P = NP - gzanitti
http://feedly.com/k/1bh7aoX

======
saidajigumi
[Meta: please submit the direct link, not a link-shortened version]

This arXiv paper[1] is apparently from 2012. A good meta-resource and summary
of attempts on P ?= NP, including this one, can be found at [2]. From [2]:

> Among all these papers, there is only a single paper that has appeared in a
> peer-reviewed journal, that has thoroughly been verified by the experts in
> the area, and whose correctness is accepted by the general research
> community: The paper by Mihalis Yannakakis. (And this paper does not settle
> the P-versus-NP question, but "just" shows that a certain approach to
> settling this question will never work out.)

[1] arXiv summary:
[http://arxiv.org/abs/1208.0954](http://arxiv.org/abs/1208.0954)
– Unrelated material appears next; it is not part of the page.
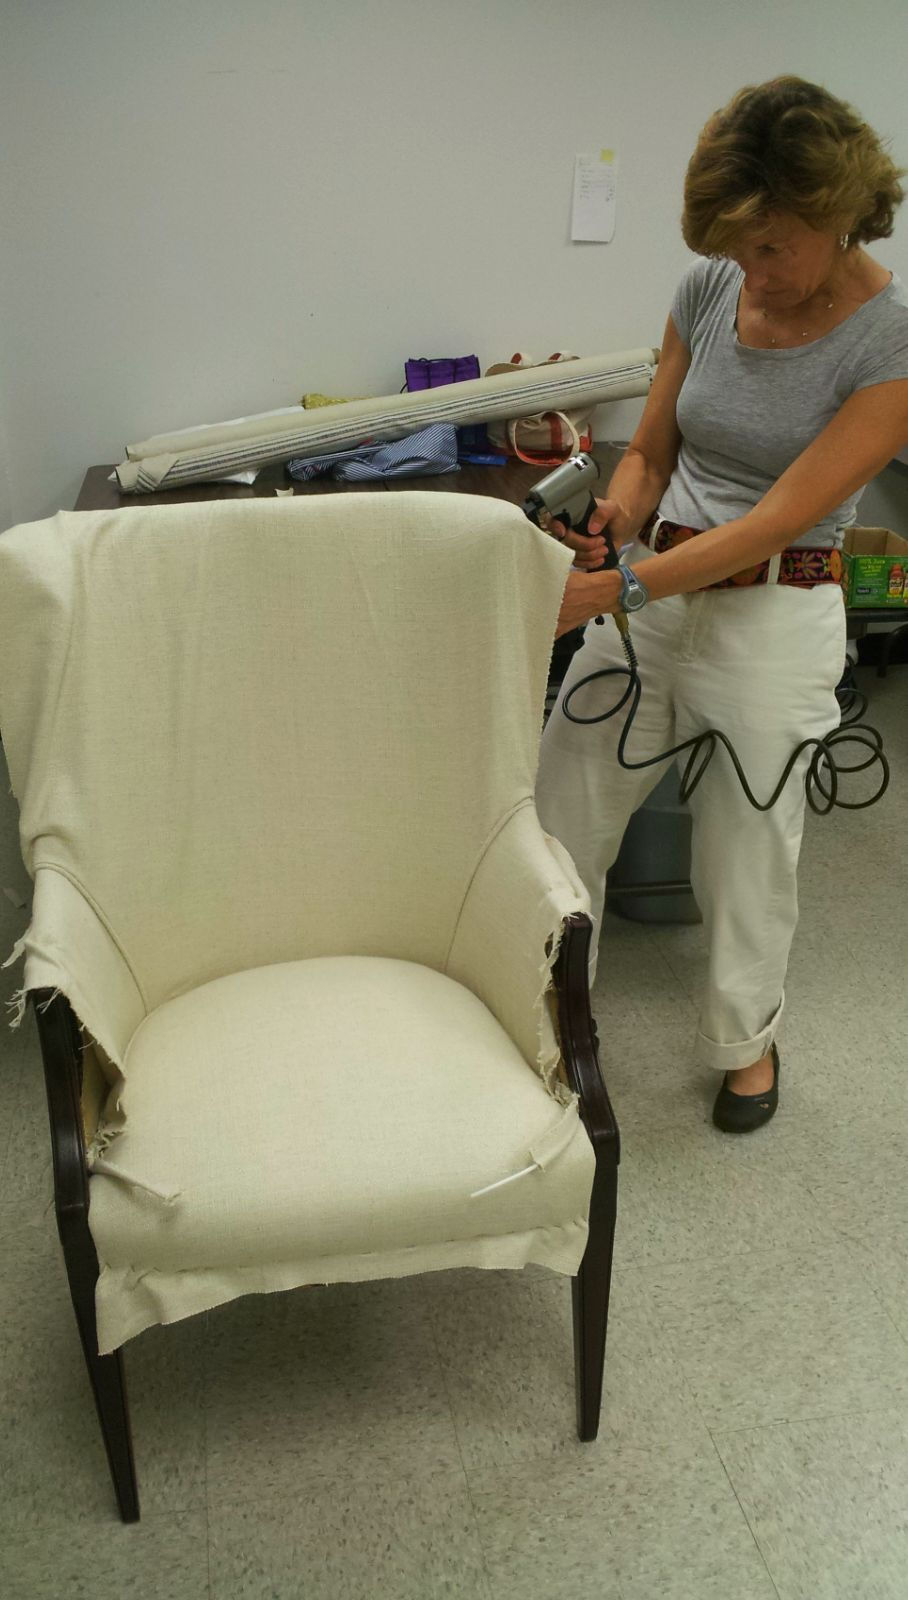 bf j 07 staple gun3 upholsteredchair chaise fauteuil. Black Bedroom Furniture Sets. Home Design Ideas

[2] [http://www.win.tue.nl/~gwoegi/P-versus-
NP.htm](http://www.win.tue.nl/~gwoegi/P-versus-NP.htm)

------
fishtoaster
Some context would be helpful. Is the a credible computer scientist, or just
another crackpot? What has been the response of the mathematical community to
this? What, if any, are the criticisms of it?

It looks like there have been a number of versions of this paper since last
year: [http://arxiv.org/abs/1208.0954](http://arxiv.org/abs/1208.0954)

So, has anything changed?

------
mabbo
Wasn't this submitted this morning? At which point the community agreed that
it was a crackpot?

Why do I get the feeling the same person submitted it again hoping to catch
the late-night readers off-guard...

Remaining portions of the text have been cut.